Why stimulus is not working

At least since Keynes conventional economic wisdom has been that the cure for an economic depression is government stimulus spending – even if it means increasing the government debt.  Recently, some people, especially  those who will lose their savings from inflation or if debt has to be written off, have been fighting plans for stimulus spending.

There are other reasons to be leery of stimulus spending.  It isn’t working and it could bring forward an even more serious economic collapse.

To explain this we have to go to the blackboard of an economics classroom where the professor draws an x-shaped graph.  One line represents the financial side of the economy and the other line represents the physical aspect.  The problem is that we measure the physical side in financial terms and tend to forget this distinction as soon as we get away from the blackboard.

polettix_stone_age_wheel_1For stimulus to work there has to be adequate energy and mineral resources to support the increased economic activity.  When Roosevelt implemented the New Deal and when we undertook the Second World War there were still loads of resources.  Now we have used up the most easily accessible energy and minerals.   What’s left requires a lot more work and energy to extract.  Putting more energy into extracting resources is taking away from the standard of living most of us want.

The other problem with stimulus spending is that it will use up even more of the existing resources and make the economic crisis even worse.

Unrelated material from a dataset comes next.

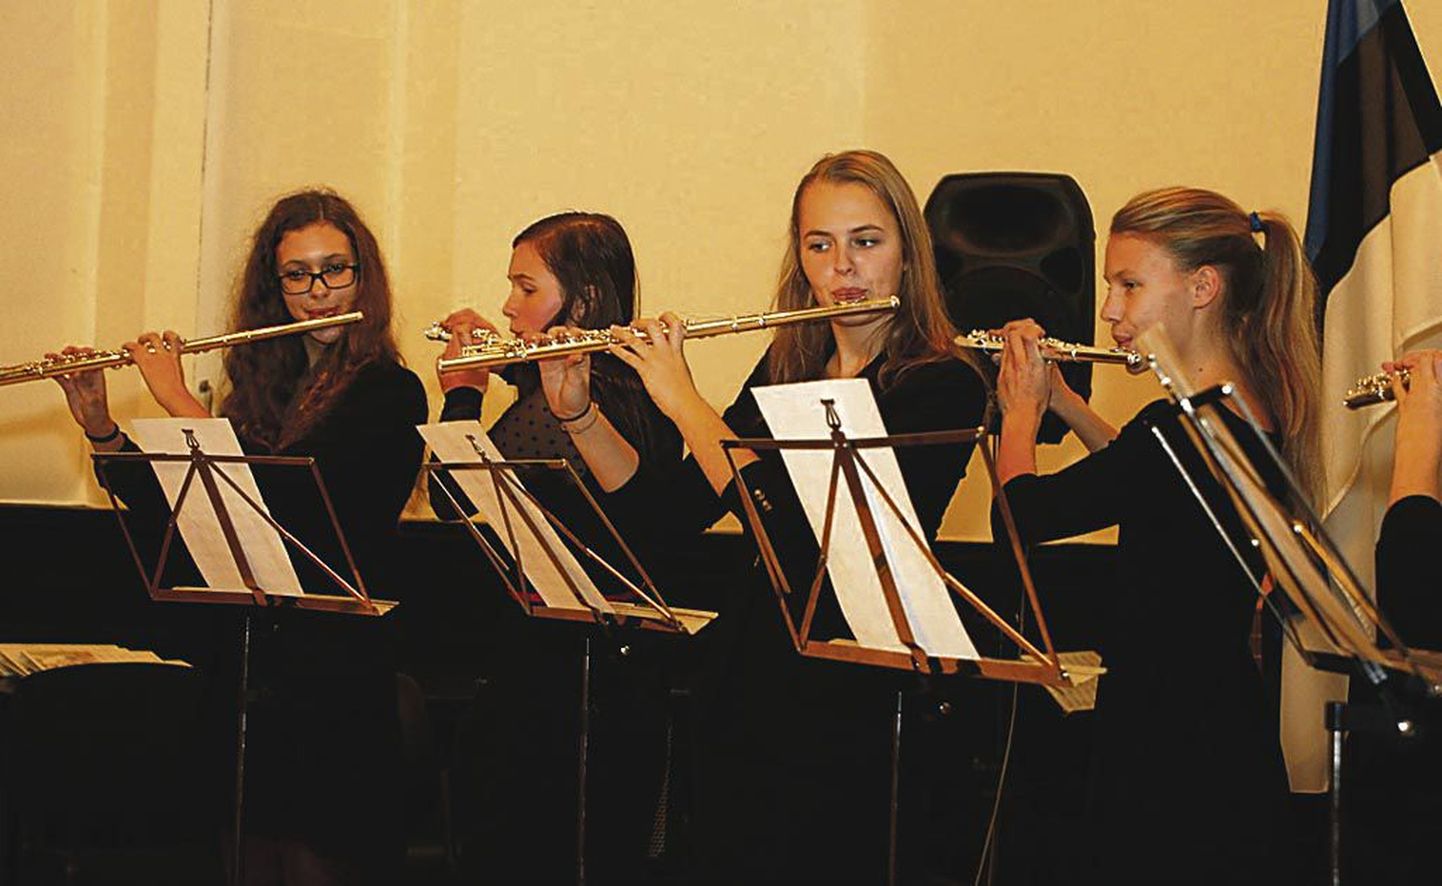 Ühiskontserdil esines Pärnu muusikakooli flöödiansambel (juhendaja Marju Mäe).
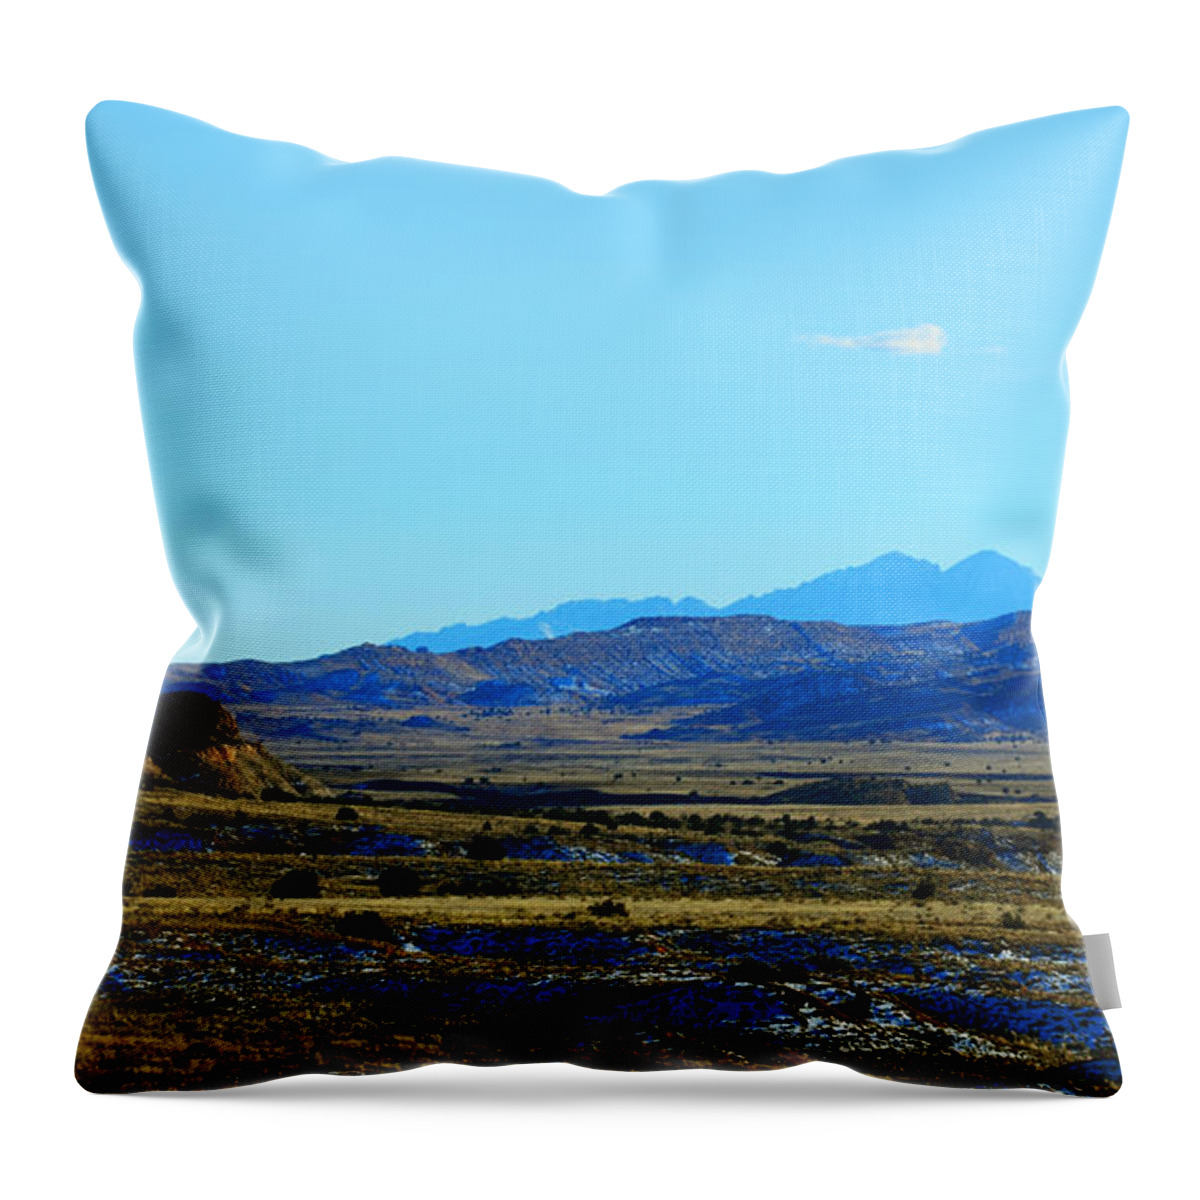 Southwest Landscape Throw Pillow featuring the photograph Desert range by Robert WK Clark

If stimulus is going to make things worse, what do we do?  After all people are suffering from the crisis. I think the answer is to drop our commitment to economic growth and the consumer society.  The economic task should be to see that everyone has adequate food, shelter. clothing,  hobbies and entertainment.  It is important to be able to communicate but I’m not certain it is necessary for everyone to have a micro cell phone.


One Response

  1. Nobody seems to understand Keynes. Has anyone read the book?

    For a long time the Americans relied on monetary stimulus (the Fed), and ignored fiscal stimulus. It has now become clear that monetary stimulus is not working one jot. Why? Because the US is in a DEPRESSION, not a RECESSION, and these are, as Keynes pointed out, technically different. One reason is that the USA is in a ‘money trap’. Reducing the interest rate has NO EFFECT WHATSOEVER. Unlike a recession when the lowering interest rates stimulates the economy. Why? Read Keynes for the reasons for a money trap. I haven’t got room here.

    The Fed has been compared to to an economic eunuch. it wants to stimulate the economy, but is incabable of doing it.

    So economic commentators have very belatedly turned to fiscal stimulus. But they still have not read Keynes. NOT ALL GOVERNMENT EXPENDITURE IS A FISCAL STIMULUS. Some Government expenditure, indeed most government expenditure, reduces economic activity in the economy. The ONLY type of government expenditure which stimulates economic activity is ‘HIGH MULTIPLIER’ expenditure, basically capital expenditure on infrastructure.

    Barack, increased social expenditure plus higher taxes will make things worse, sorry to tell you. You must increase government investment and stimulate private investment ONLY. Or the USA, like Japan, will be stuck in this Depression for another ten years. Ten wasted years.